GroupDocs.Parser for Java 20.3 Release Notes
This page contains release notes for GroupDocs.Parser for Java 20.3
Major Features
There are the following improvements in this release:
- Fixed the bug: Cannot parse large sized PDF file to HTML
- Improved table of contents extraction API
Full List of Issues Covering all Changes in this Release
Key | Summary | Category |
---|---|---|
PARSERJAVA-110 | Cannot parse large sized PDF file to HTML | Bug |
PARSERNET-1432 | Improve the support of text structure extraction | Improvement |
Public API and Backward Incompatible Changes
Improve the support of text structure extraction
Description
This feature adds text extraction from shapes, word art objects and text boxes for Microsoft Office formats.

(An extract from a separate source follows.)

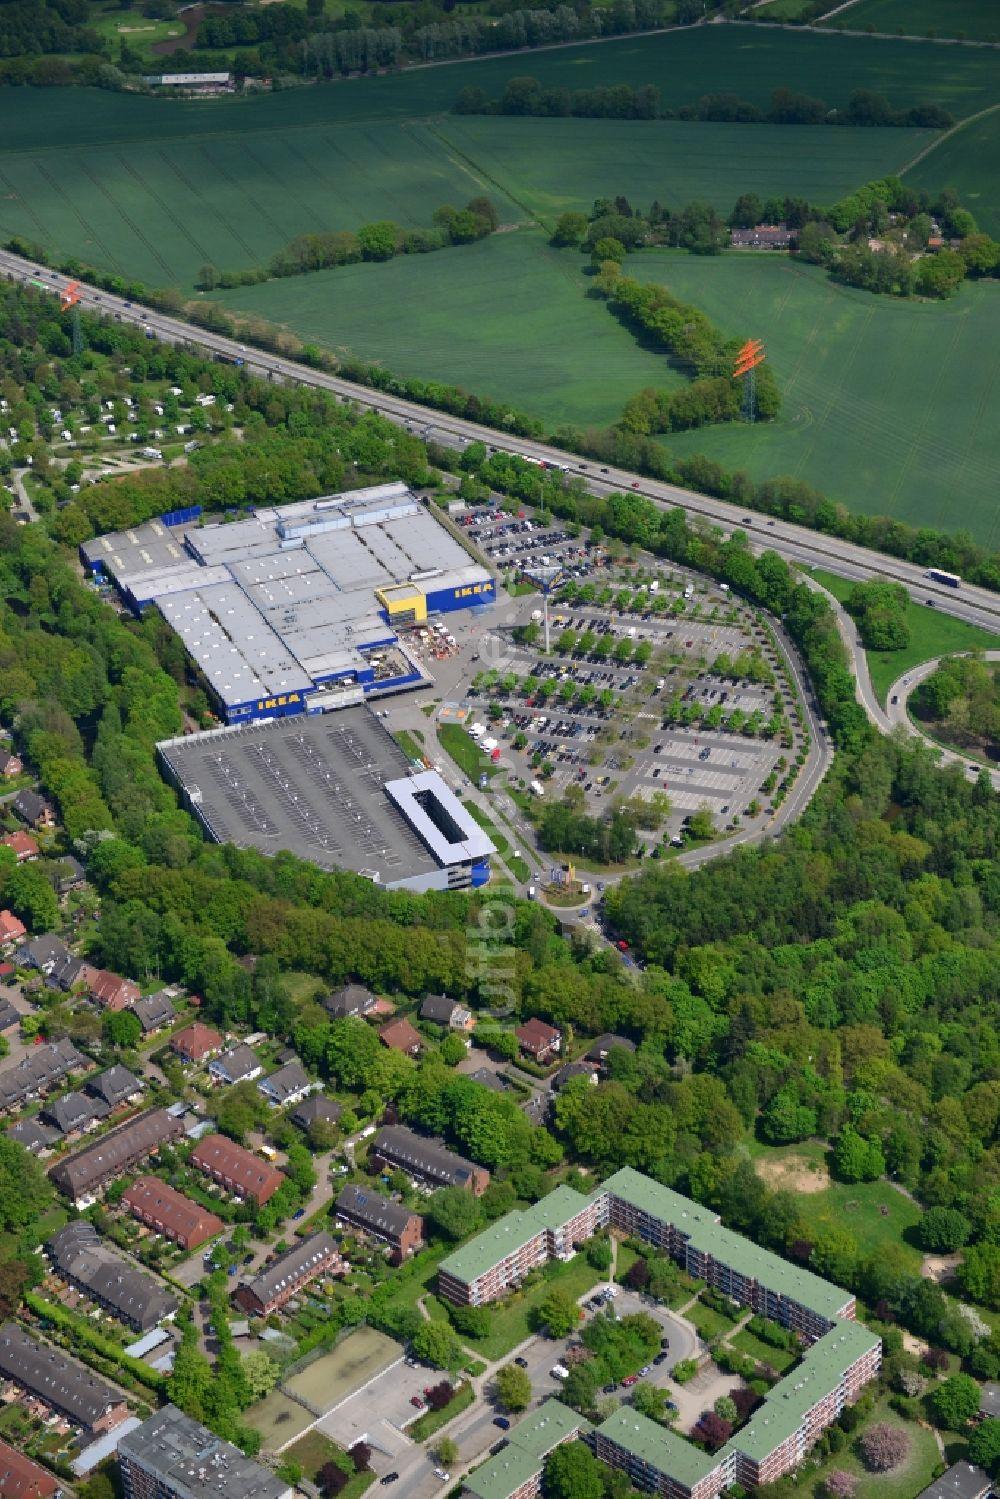 Blickfang Möbelhaus Hamburg Hamburg Sammlung Von Luftbild Schnelsen - Gelände Des Ikea- Mö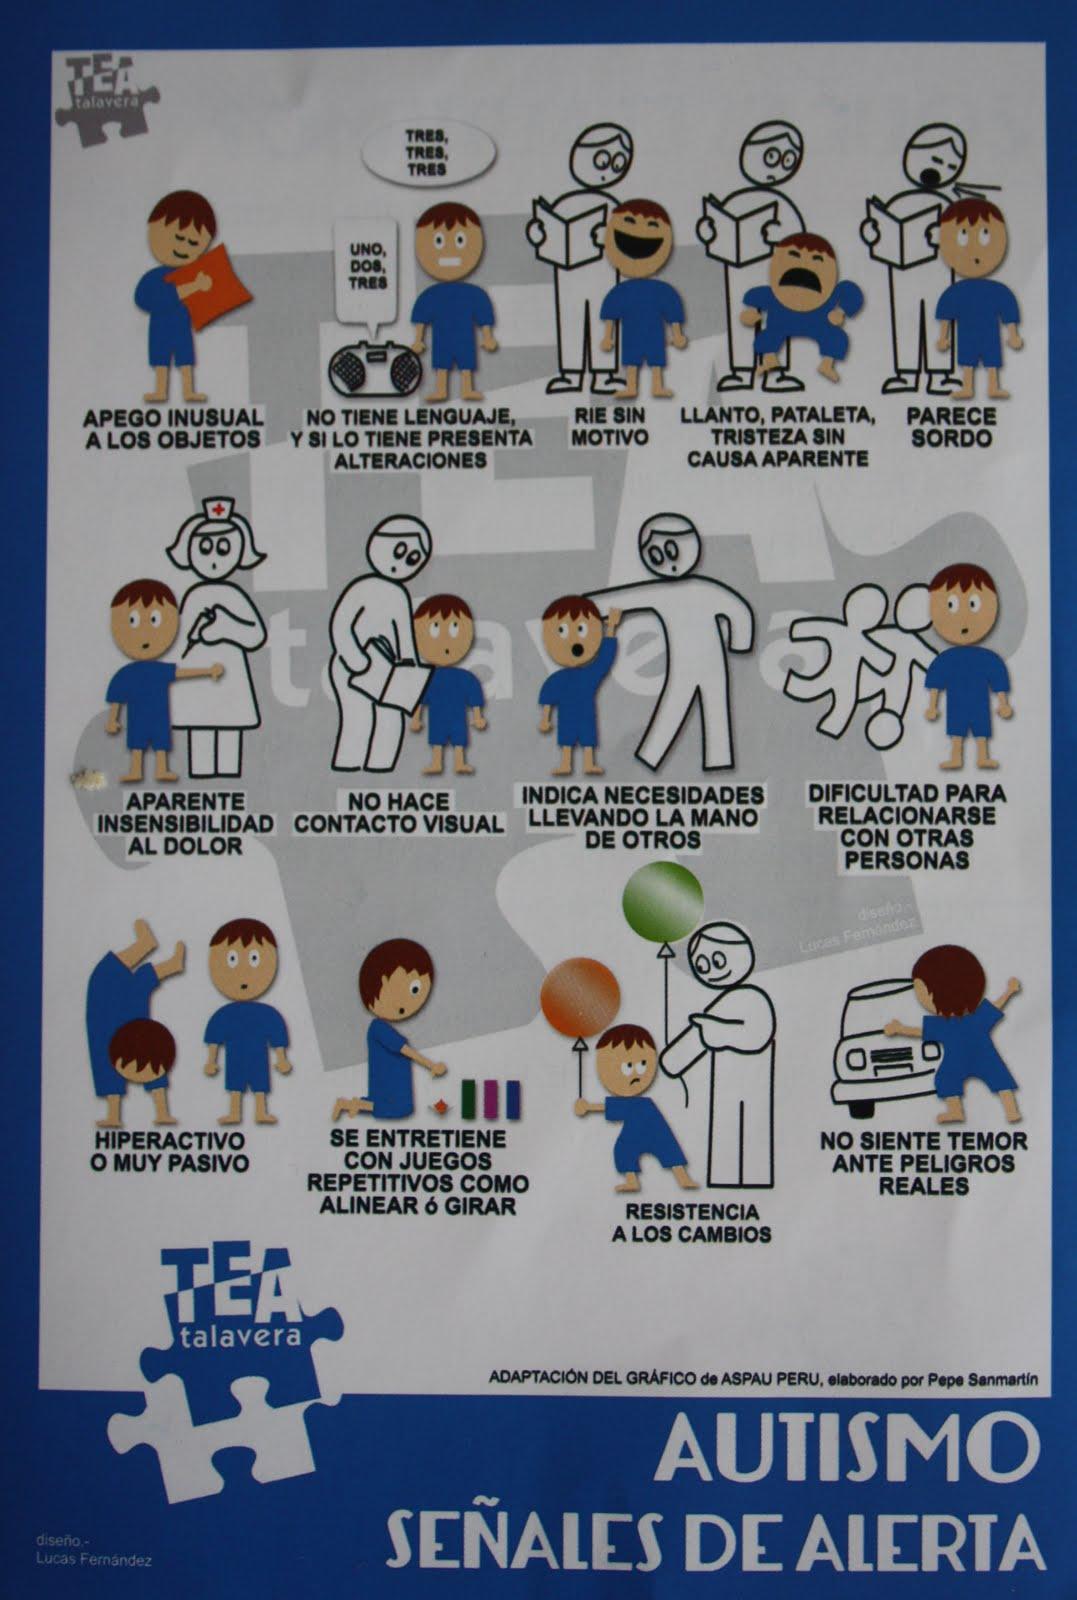 Señales de alerta autismo

Also added hyperlink extraction for spreadsheets and presentations.
The structure of XML representation of a document was changed. For details, see Extract text structure.
Public API changes
There are no changes in public API
Usage
The following example shows how to extract hyperlinks from the document:
// Create an instance of Parser class
try (Parser parser = new Parser(Constants.SampleHyperlinksDocx)) {
// Extract text structure to the XML reader
Document document = parser.getStructure();
// Check if text structure extraction is supported
if (document == null) {
System.out.println("Text structure extraction isn't supported.");
return;
}
// Read XML document
readNode(document.getDocumentElement());
}
private static void readNode(Node node) {
NodeList nodes = node.getChildNodes();
for (int i = 0; i < nodes.getLength(); i++) {
Node n = nodes.item(i);
if (n.getNodeName().toLowerCase() == "hyperlink") {
Node a = n.getAttributes().getNamedItem("link");
if (a != null) {
System.out.println(a.getNodeValue());
}
}
if(n.hasChildNodes()) {
readNode(n);
}
}
}